しかし妻はターピンの魔の手に落ちた後毒を飲み、娘はターピンの養女として屋敷に閉じ込められているという。
ベンジャミンは昔住んでいたミセス・ラベットの営む売れないパイ屋の2階に戻り、理髪師スウィーニー・トッドとしてターピンへの復讐の機会を狙うが・・・・・といったストーリー。
「スウィーニー・トッド」の物語自体は前に90年代くらいに作られた劇映画で見て知っていたのであるが、この作品はスティーブン・ソンドハイム版のミュージカルを元にした内容のため、人物設定や関係、イメージがだいぶ違っていたし新鮮に見られた。
スウィーニー・トッドが髭剃りに来た客を殺すという残虐なアイデアと、その死体を1階のパイ屋でミートパイにしてしまうというタブー的な「人肉食」要素を含んでいる猟奇的な物語はかなりインパクトがあるが、そういう強烈な物語をティム・バートンの描く幻想的でダークな映像センスと歌での表現という融合が不思議な面白さを生んでいたと思う。
また貧しく悲惨な19世紀イギリスの生活情景や復讐と殺人という恐ろしいテーマ性ながら根底には人間同士の持つ激しい愛情や想い、欲望、憎悪など様々な感情が描かれていたり、元々幸せだったはずの人間がひとつの邪な想いのせいでボタンを掛け違えたように次々悲劇と破滅への道を歩んでいく姿は何とも切ない。
それぞれの登場人物がどこか悪の要素を持つが、どこか人間的な弱さや愛情が残ってるように描かれていたりそういう複雑なキャラクター性も魅力的だった。
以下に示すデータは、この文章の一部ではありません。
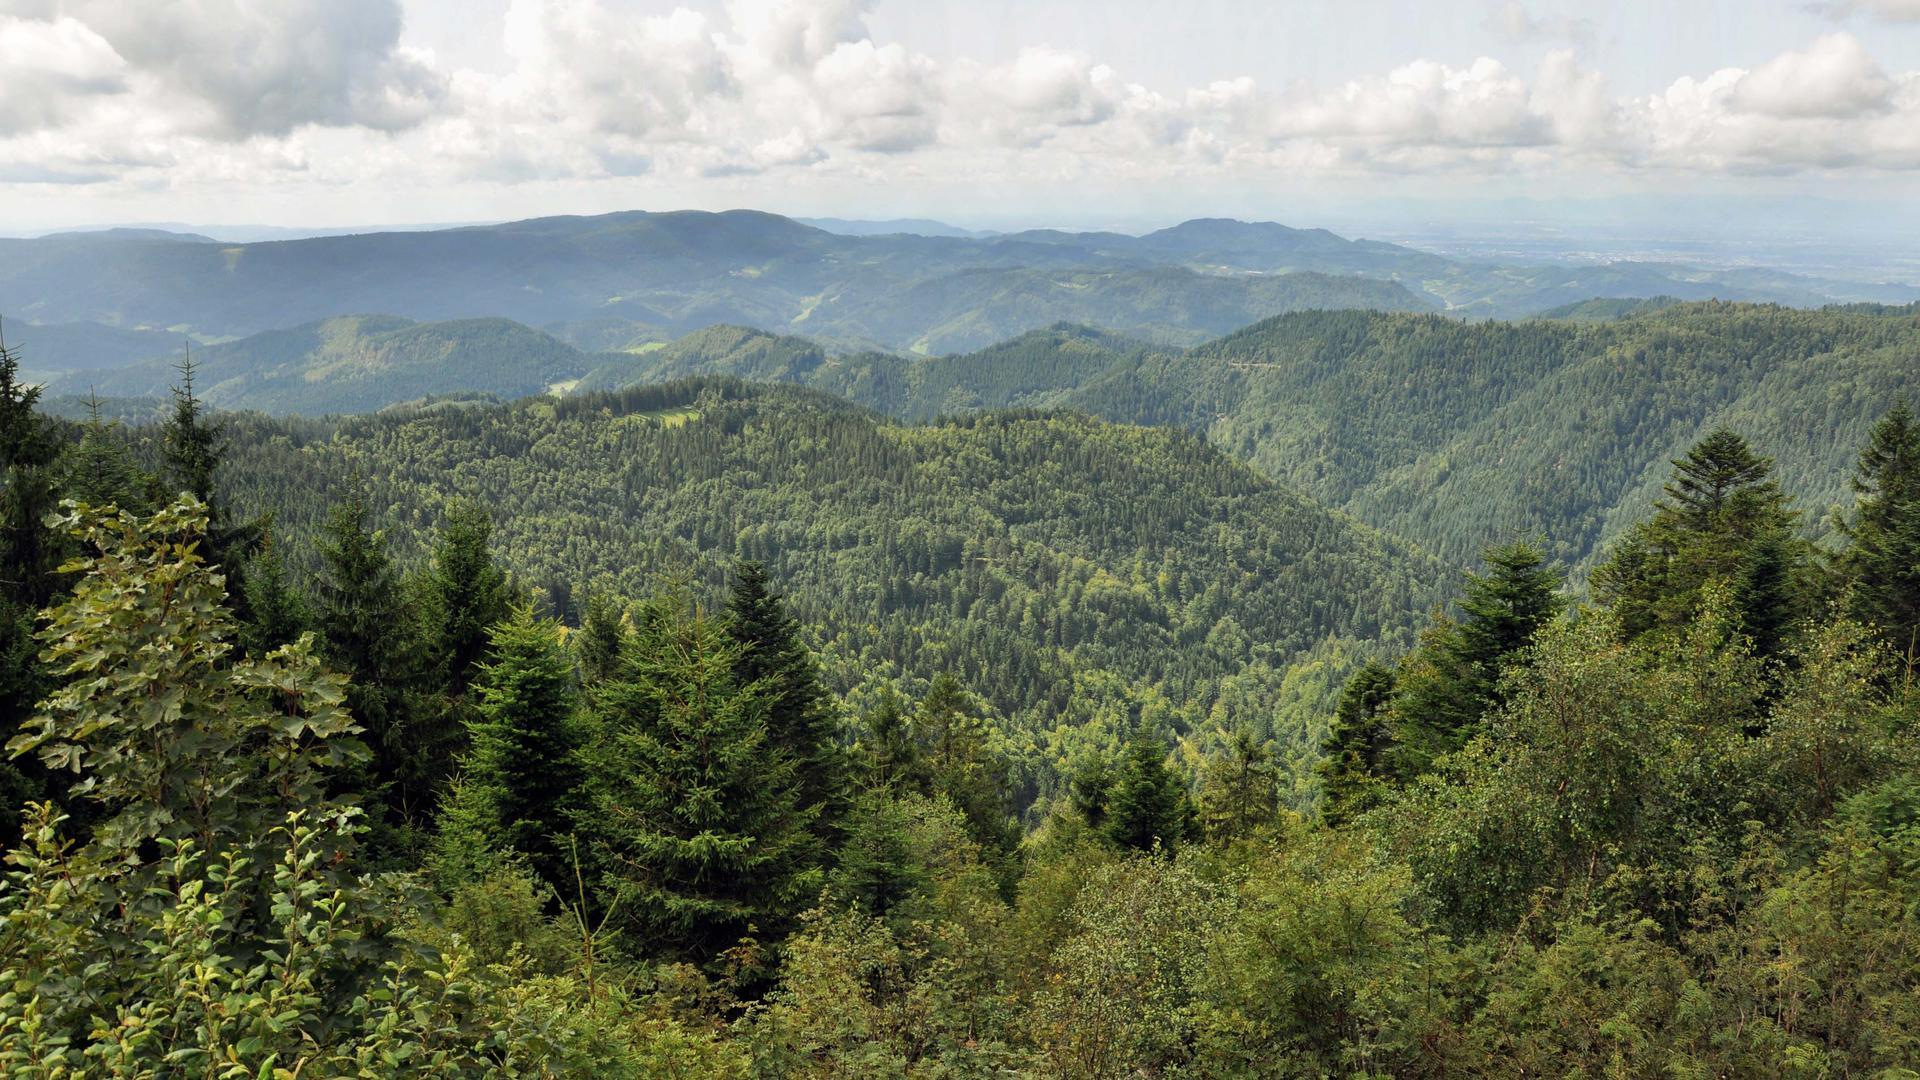 460 Quadratkilometer kommen neu zum Naturpark Schwarzwald Mitte/Nord hinzu.

スウィーニーを演じるジョニー・デップはじめへレナ・ボナム・カーター演じるミセス・ラベットのメイクは白塗りに目元あたりが薄黒いゴスな感じだったのも好きなイメージだし(ただジョニーのヘアデザインが一部白のメッシュが入っていたりで一瞬細木数子か関口宏かと思ったが:笑)、ターピンを演じるアラン・リックマンは最近「ハリー・ポッター」シリーズなどでイイ人役イメージがついてきたものの、元々彼は「ダイ・ハード」の悪役でインパクトがあった人だし、今回久々の悪役はやっぱりハマっていたと思う。